**Activity**
The part below that opens with the line containing "stylecast boys grey" and closes with the line containing "Dolce & Gabbana Crochet Handbag - White" should be copied exactly, minus any pictures.
**** Given data ****
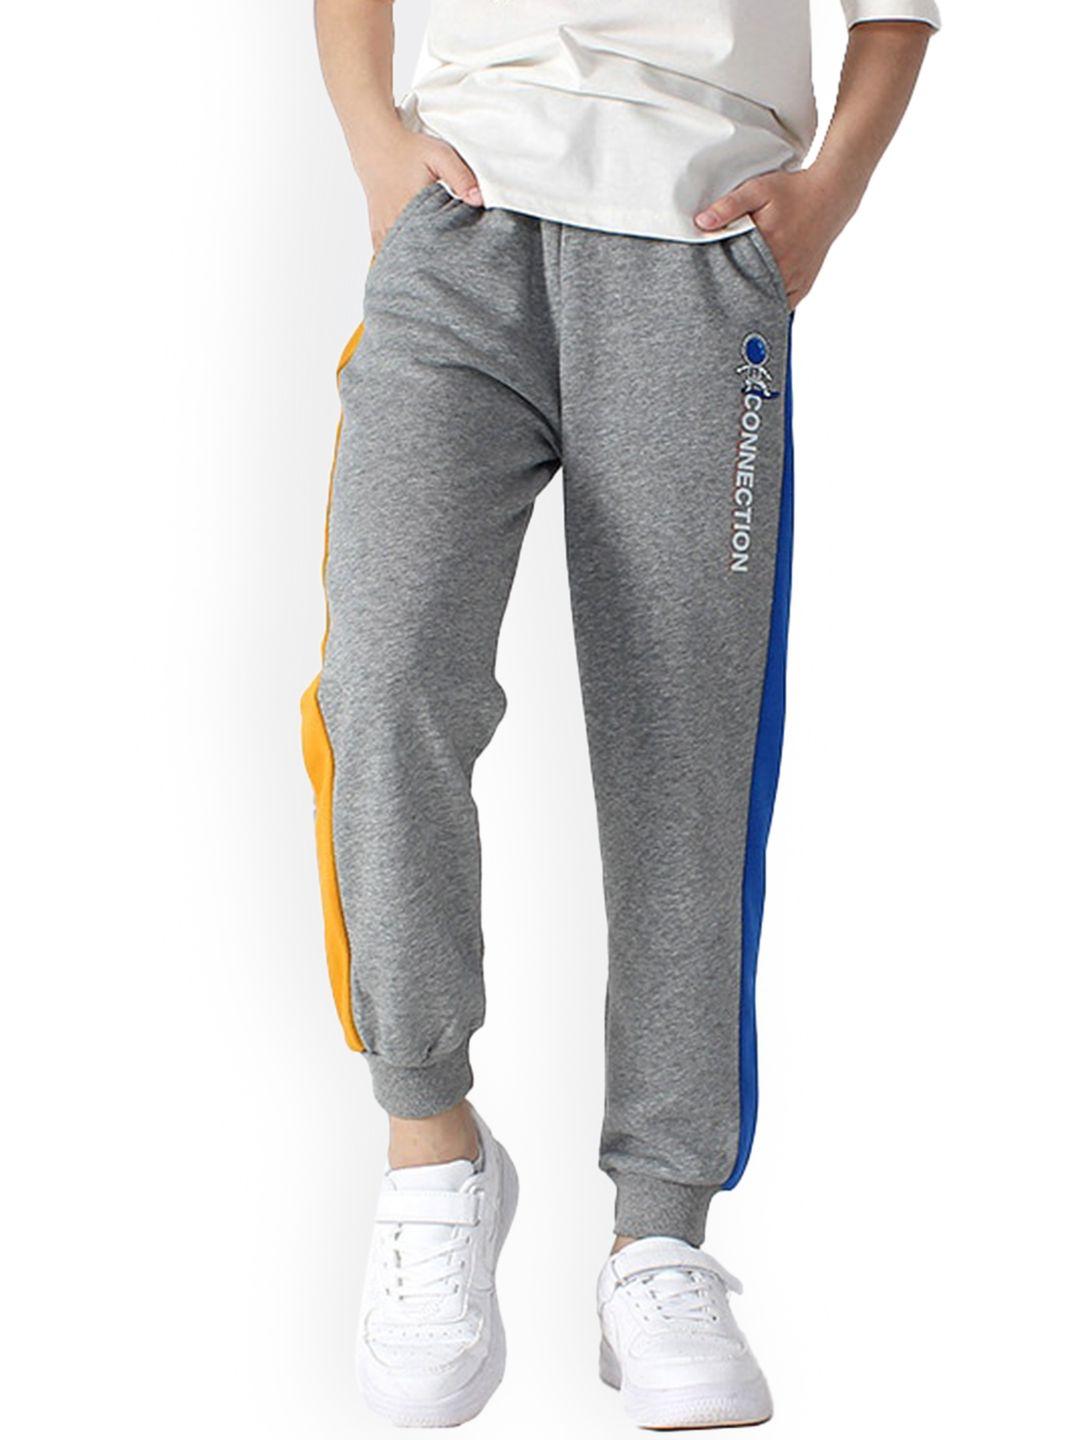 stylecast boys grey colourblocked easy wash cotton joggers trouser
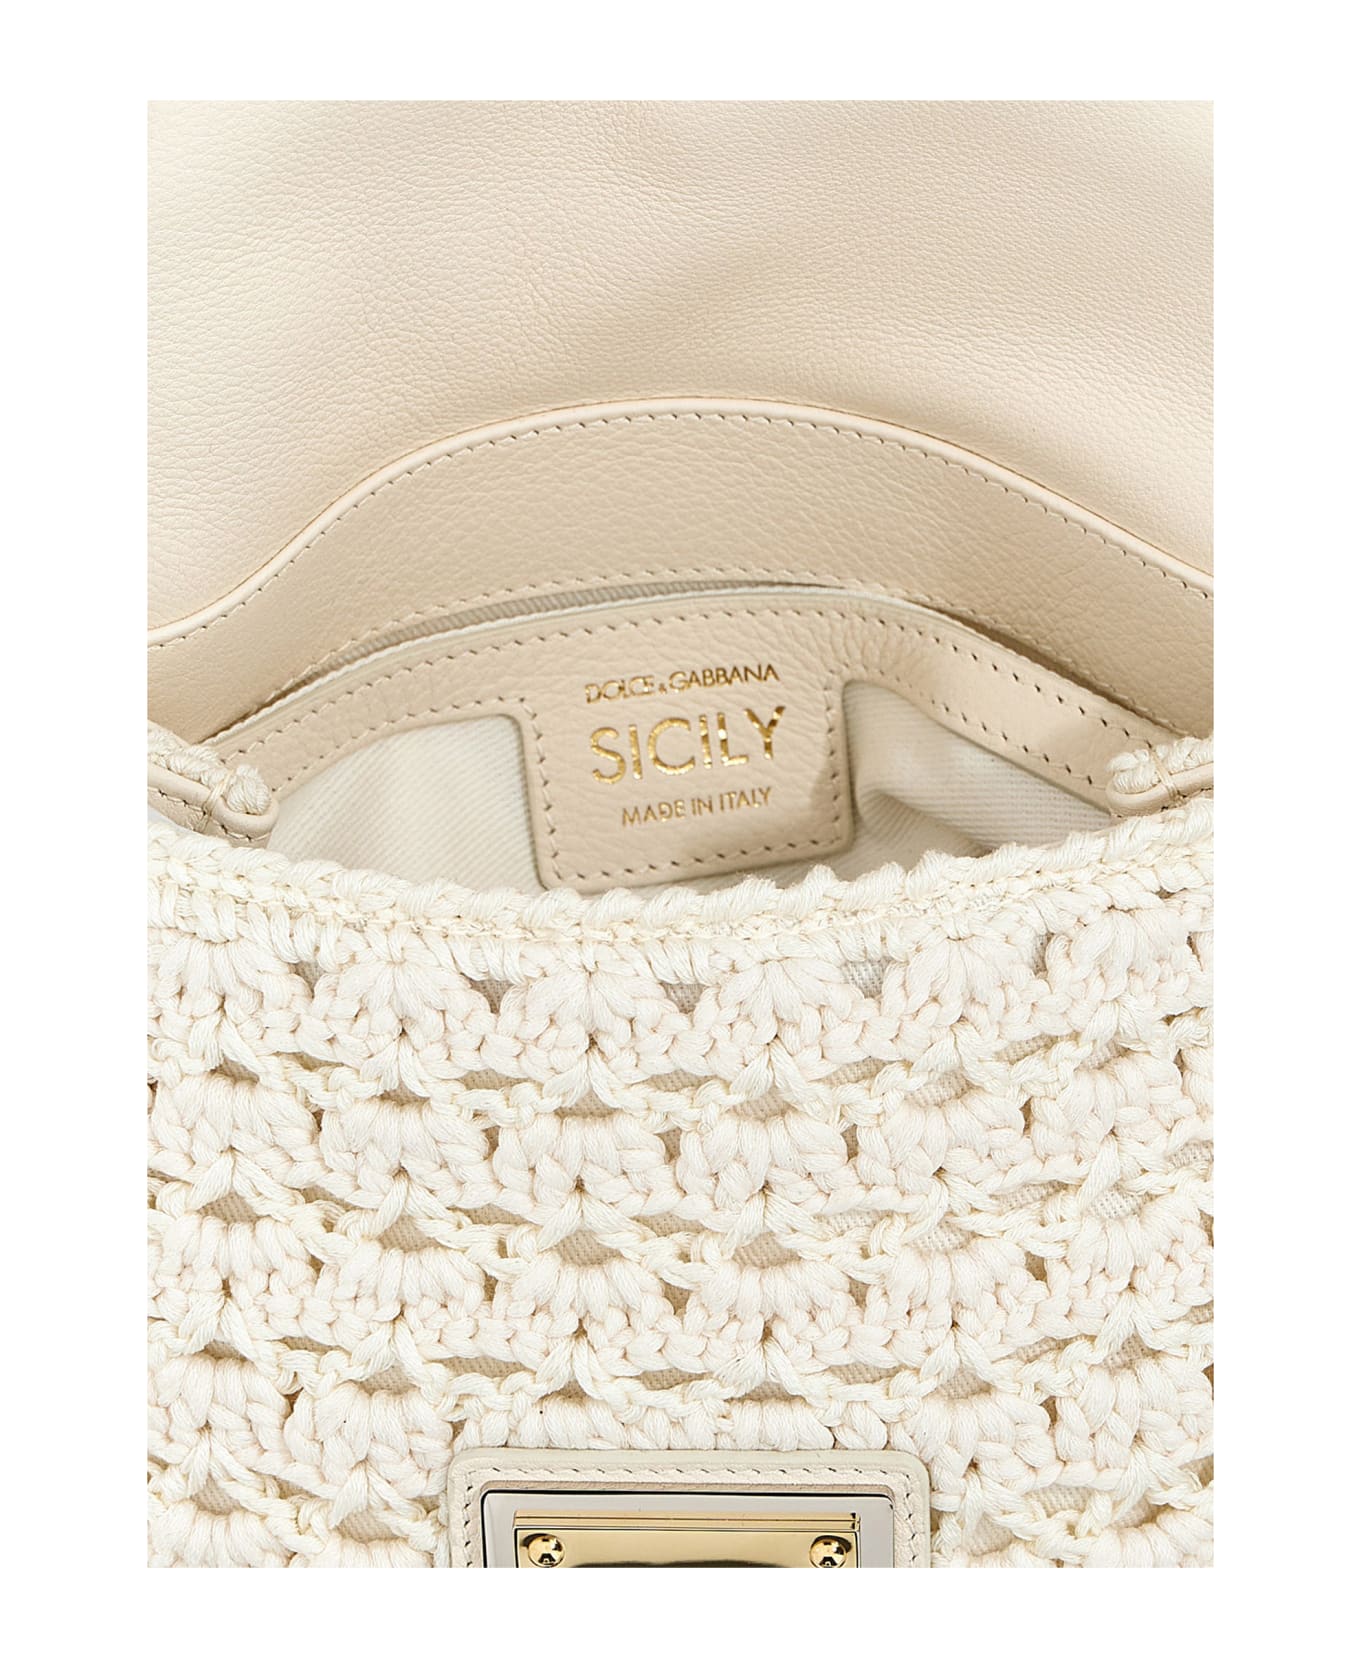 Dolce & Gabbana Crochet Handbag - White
****
**** Given data ****
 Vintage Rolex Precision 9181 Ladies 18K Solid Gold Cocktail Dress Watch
****
**Solved problem**
 stylecast boys grey colourblocked easy wash cotton joggers trouser
 Dolce & Gabbana Crochet Handbag - White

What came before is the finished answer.